Ask: execute program from memory
I want to activate an exe file but without having the file on the disk but the file is all in the memory.
Reply:
allocate memory.
Load/compile/create/whatever the programcode into that part of memory.
Arrange for any needed address fixups.
Call/jump to the code loaded in memory.
Pretty straightforward stuff really.
Some extra info:
You will need to alloacte the memory with VirtualAlloc so you can set the memory flags correctly. Specifically, you will need the Execute permission.
Something like....
// typedef functionpointer to the type of function you need.
typedef void (*PFMyFunc)();
// actual functionpointer
PFMyFunc pfMyFunc;
LPVOID lpMem = VirtualAlloc (NULL, dwSizeNeeded, MEM_COMMIT, PAGE_EXECUTE_READWRITE);
pfMyFunc = (PFMyFunc)lpMem; // Store address in function pointer so we can call it.
// create/copy code to lpMem....
// Do any required address fixups
pfMyFunc(); // Call the code.
VirtualFree (lpMem);
ask:
After it has been loaded in memory
does anyone know how to dynamically call the main() or winmain function in any executable ,just like the OS does it ?
Without having to look through dumpbin and whatnot.
Looked everywhere, it should be so easy but it's nowhere documented.
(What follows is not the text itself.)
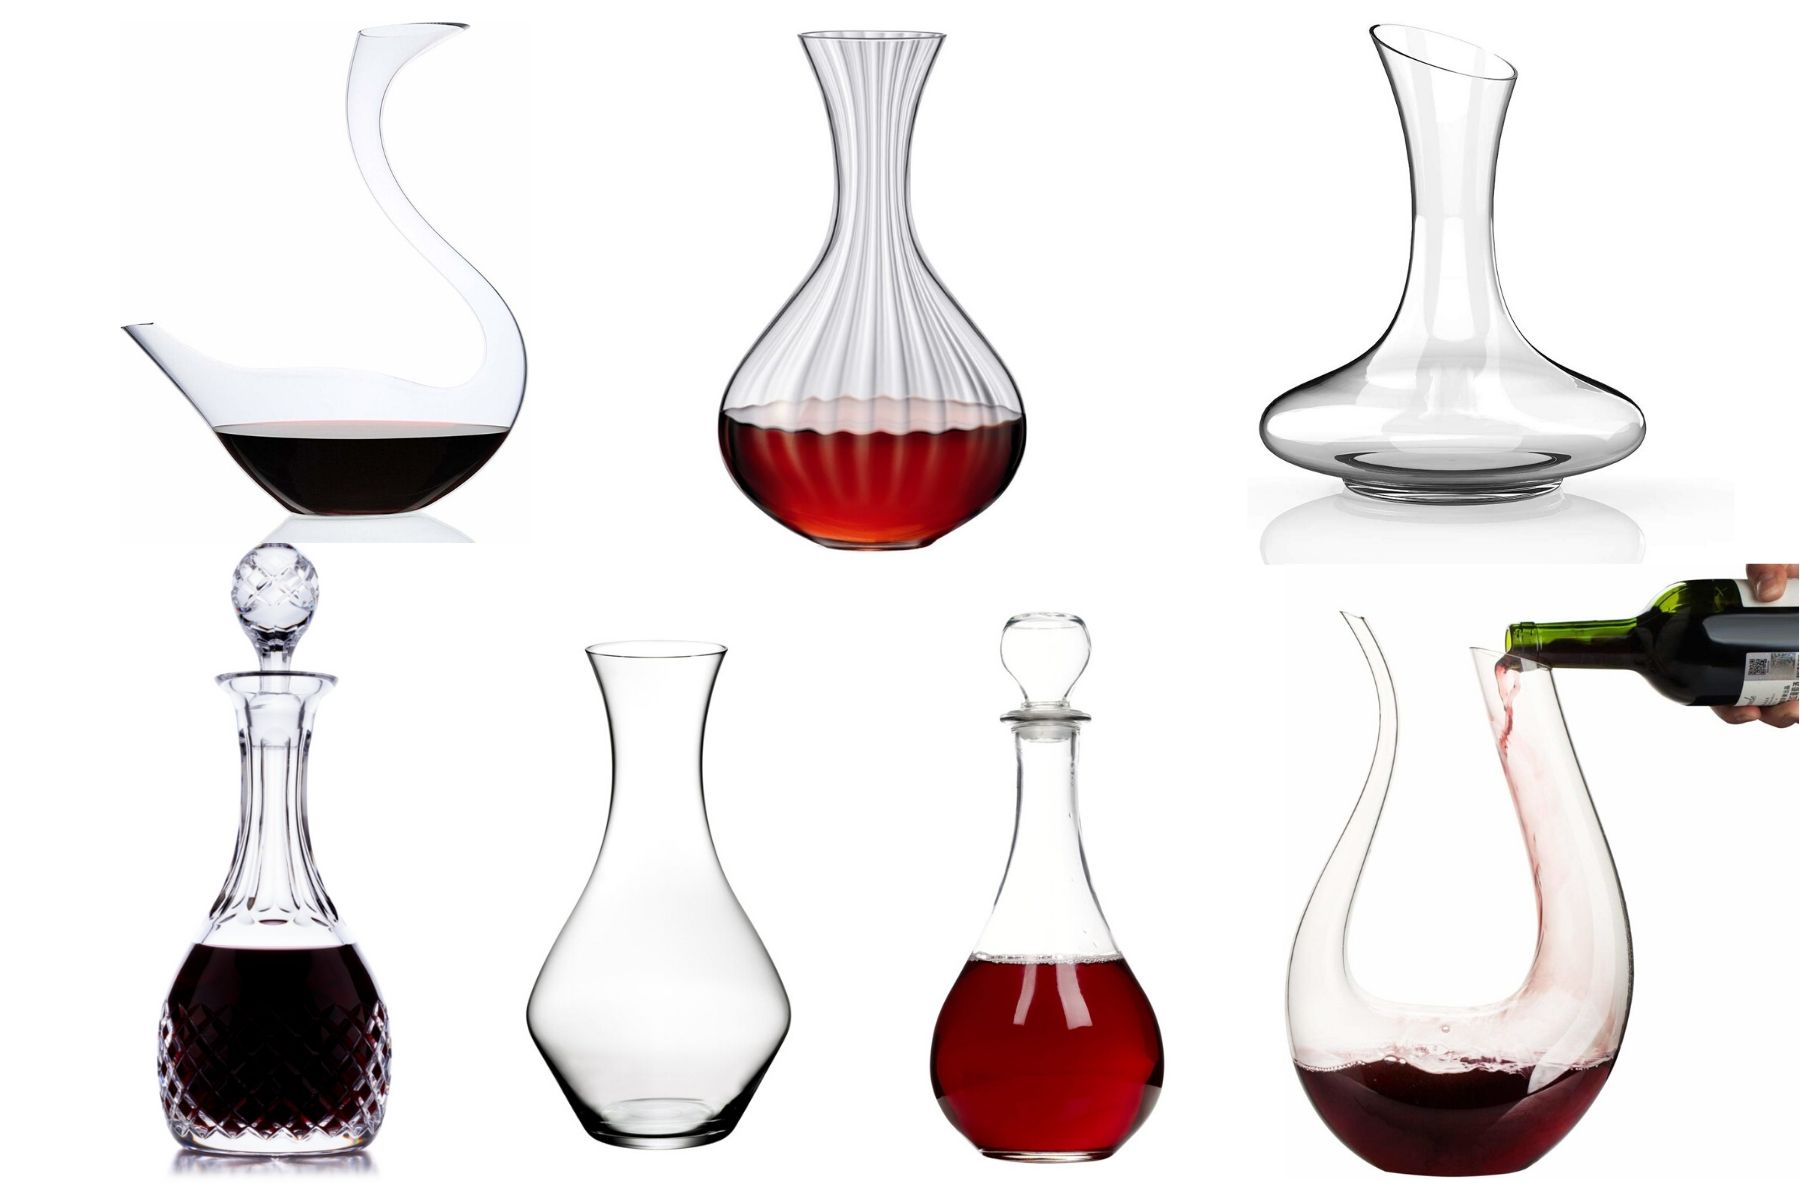 https://divino.wine/wp-content/uploads/2019/10/types-of-wine-decanters.jpg
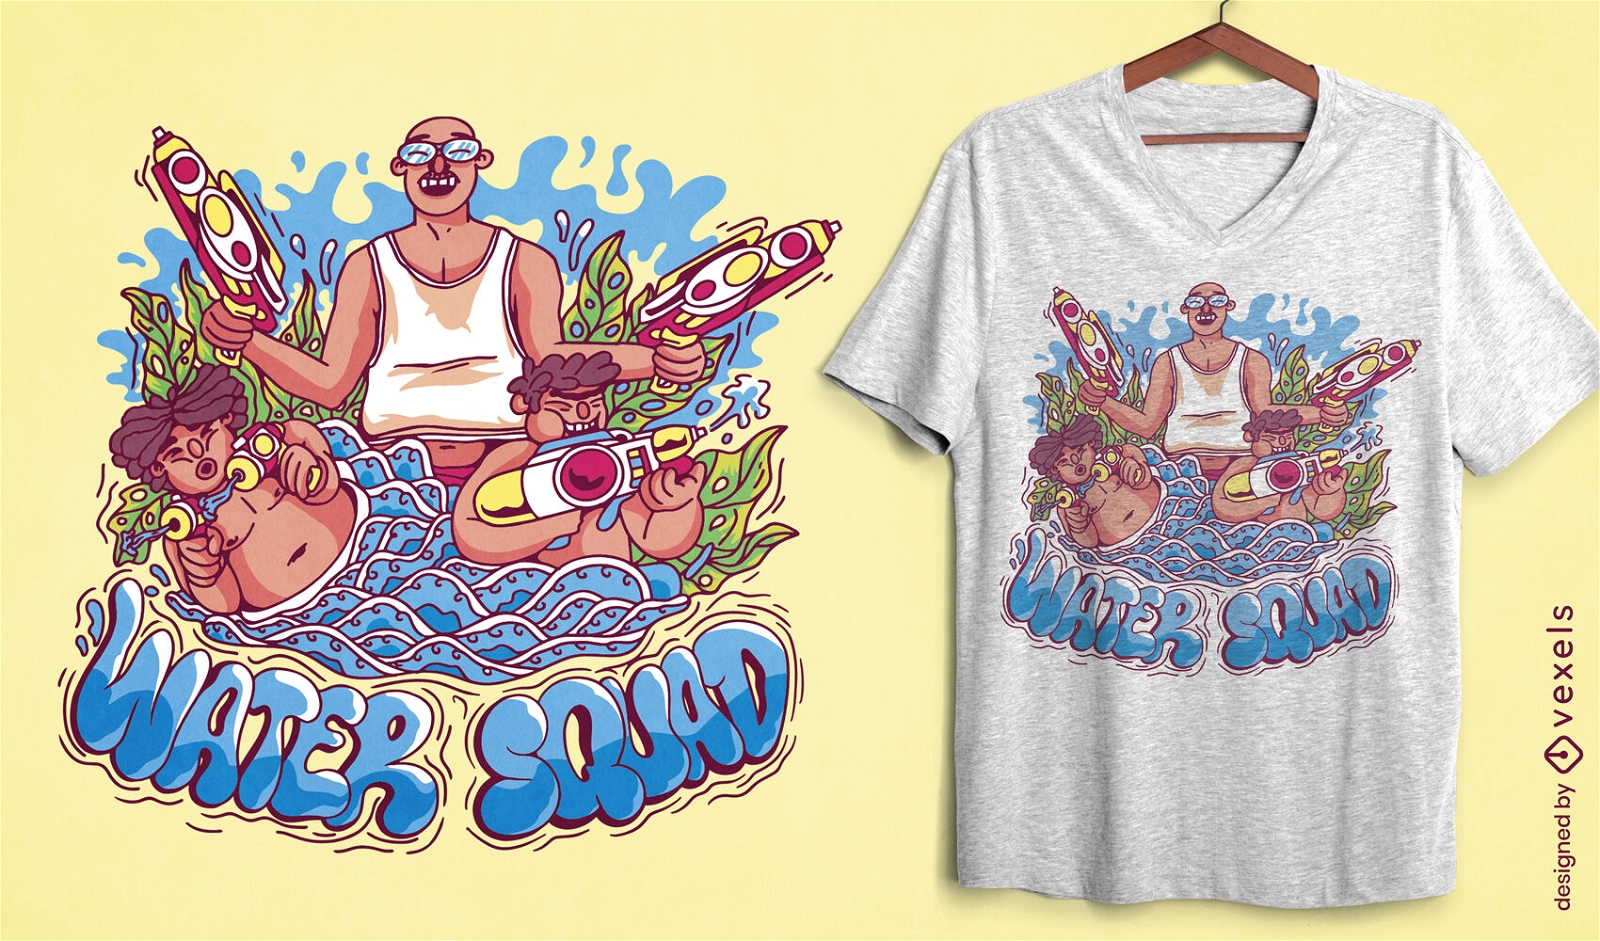 Dise?o de camiseta del festival del agua de Songkran.

Or is it?
reply:
PE structure
Inside the IMAGE_NT_HEADERS structure of the executables PE structure is a field for the address of entry point. You just get the IMAGE_NT_HEADERS from the IMAGE_DOS_HEADER, and use that as your pointer to the runtime startup code (use proper calling convention!).
reply:
You can't easily run an EXE file this way, but you can use it to run code you create on the fly (I've used this in programs that had a built in programming language that gets compiled to native intel code).
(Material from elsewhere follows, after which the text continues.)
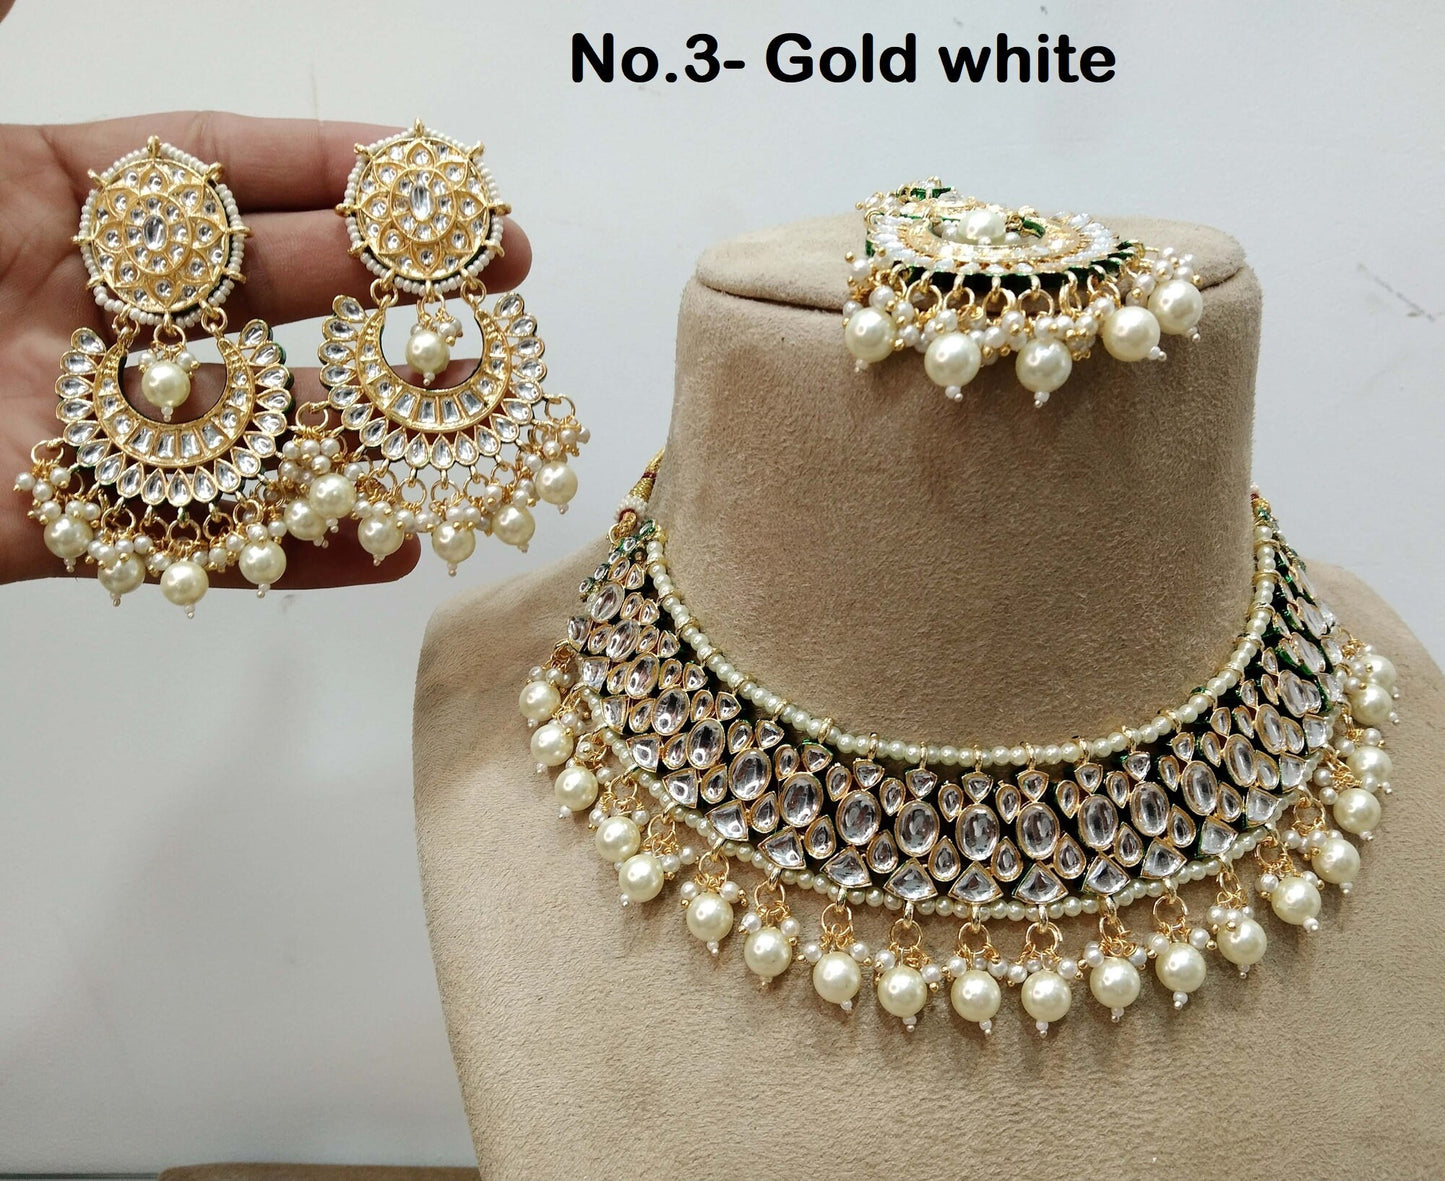 Indian Jewellery/ Gold Bridal Kundan necklace Set Indian Majenta, Gold white, Rama green Bridal Jewellery carl kundan Necklace set

An exe requires a whole lot more than the simple outline I gave. An Exe won't usually work since it'll require a separate process. Some exe's require to be loaded at specific memory addresses and such.
Running another exe inside the process space of your own program will violate many rules/assumptions that programs rely on, and I doubt highly it would work. The closest you could get to running another 'program' inside your own process space would be to compile the other 'program' to a DLL instead of an EXE.